ResMusica : Vous avez débuté dans un grand rôle il y a dix ans avec Donna Anna dans Don Giovanni de Mozart, puis vous êtes passée à Elvira, repris récemment à l'Opéra de Paris.
Nicole Car : Donna Anna était en effet mon premier rôle professionnel, en 2009 à Melbourne. Puis je l'ai repris dans trois productions différentes, mais à chaque fois, je lorgnais sur celui d'Elvira. Entre Elvira, Don Giovanni et Leporello, il y a beaucoup de jeu, là où la musique de Donna Anna est plus une musique de Prima Donna. Le grand air est superbe, mais je préfère jouer des personnages forts, qui ont une vraie raison d'être.
Elvira veut sauver les femmes en même temps que par certains côtés Don Giovanni lui-même. C'est ce qu'a maintenu, pour cette fois dans une vision assez traditionnelle, Ivo van Hove à l'Opéra de Paris. Il a pensé que les trois femmes sont plus fortes que Don Giovanni, en plus d'avoir véritablement travaillé la direction d'acteur.
RM : Vous étiez aussi à deux reprises la saison passée à Marseille pour Faust et La Traviata ?
NC : J'ai en effet débuté cette saison à l'Opéra de Marseille, avec Violetta, rôle pris juste avant à Sydney. Je fais toujours des prises de rôles dans des maisons dans lesquelles je suis en sécurité. J'aime donc beaucoup le faire en Australie, d'autant que la presse internationale n'y est pas très présente. On a alors plus d'assurance et l'on se permet des choses sur lesquelles je douterais plus en commençant dans une salle d'Europe moins familière.
RM : Vous chantiez la saison précédente La Bohème en alternance avec Sonya Yoncheva, qui a annulé dès la deuxième représentation. Vous avez donc repris également ses dates. Comment s'est passé pour vous ce spectacle, dont la mise en scène a été fortement huée chaque soir ?
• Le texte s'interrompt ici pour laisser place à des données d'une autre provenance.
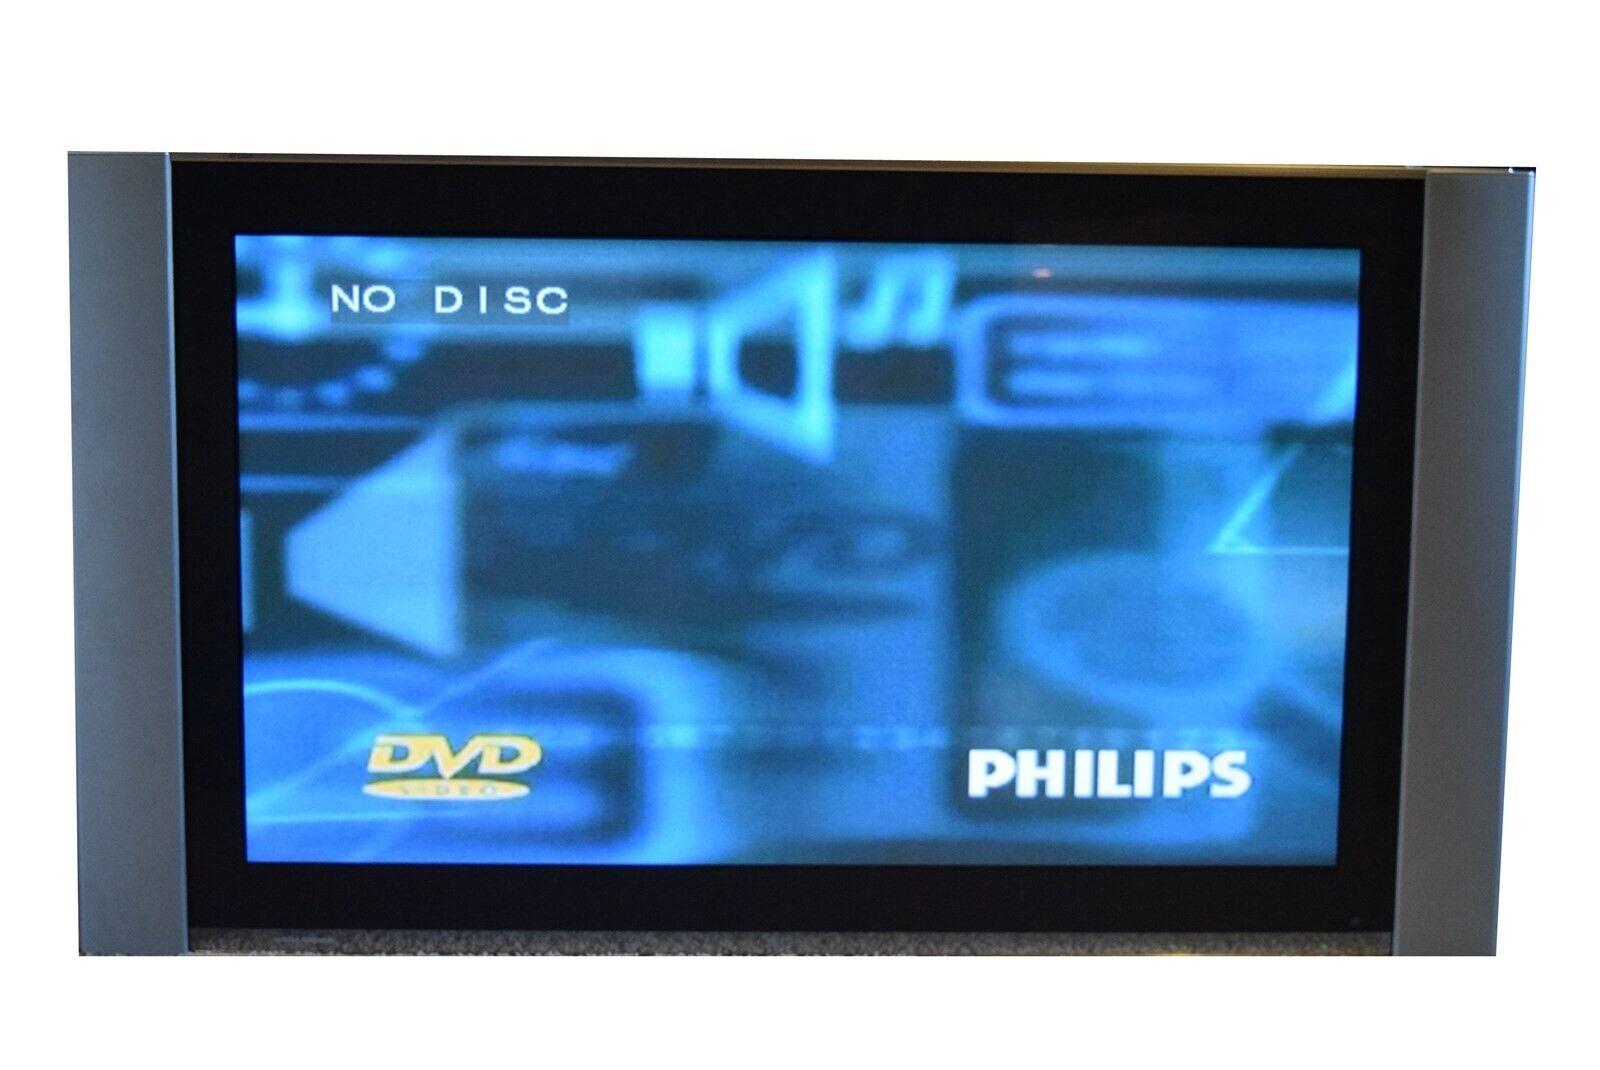 Sony Wega KE-50XS910 50-Inch WEGA Flat-Panel Plasma HDTV with DTV Tuner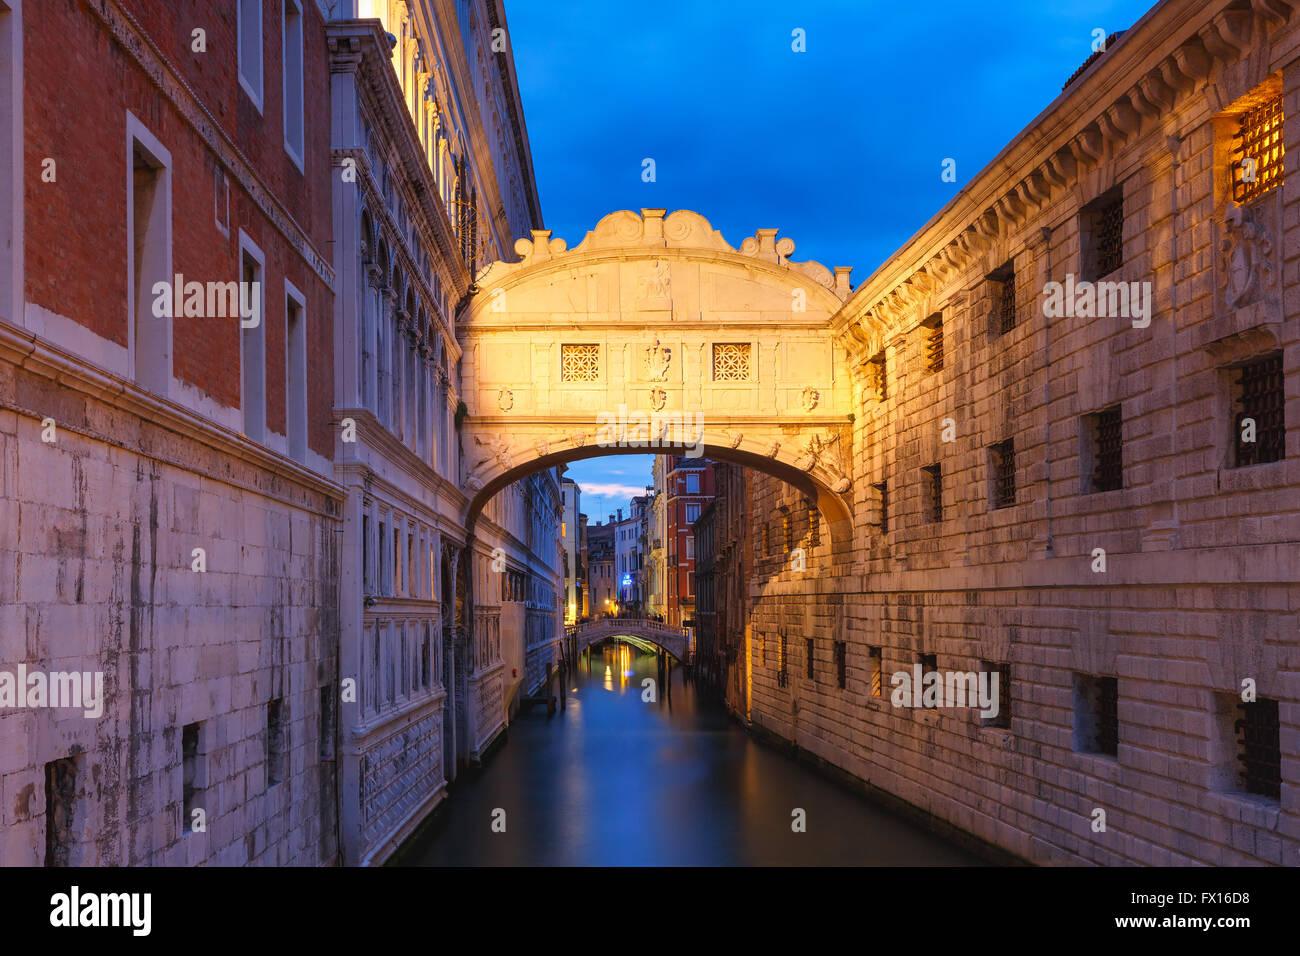 Bridge of Sighs or Ponte dei Sospiri in Venice Stock Photo

NC : Cela a été compliqué. J'ai appris lorsque je suis arrivée sur les répétitions que l'action allait être transposée dans un vaisseau spatial. En soi, je n'étais pas contre, mais j'ai voulu savoir ce que l'on faisait dans ce vaisseau. Le premier acte fonctionne, car on peut encore croire au rêve, mais dans le troisième et le quatrième, j'ai eu beaucoup de mal à trouver une humanité aux personnages définis comme ils l'étaient, sur une planète ou une lune incertaine. Au dernier acte, on est aussi dans la mort de Rodolfo plutôt que dans celle de Mimi, ce qui modifie complètement la manière de traiter le finale musicalement, et m'a beaucoup limité dans ce que je pouvais donner d'humain à mon rôle. Malgré tout, j'ai cherché à maintenir l'émotion de Mimi, qui pour moi était nécessaire, et le fait d'avoir joué juste avant dans la production très traditionnelle de Londres m'a permis de me raccrocher au rôle. Parce que si l'on pense être sur un vaisseau, ou derrière un rideau, on perd forcément une part de l'attachement à Mimi, et donc de l'émotion dans la voix.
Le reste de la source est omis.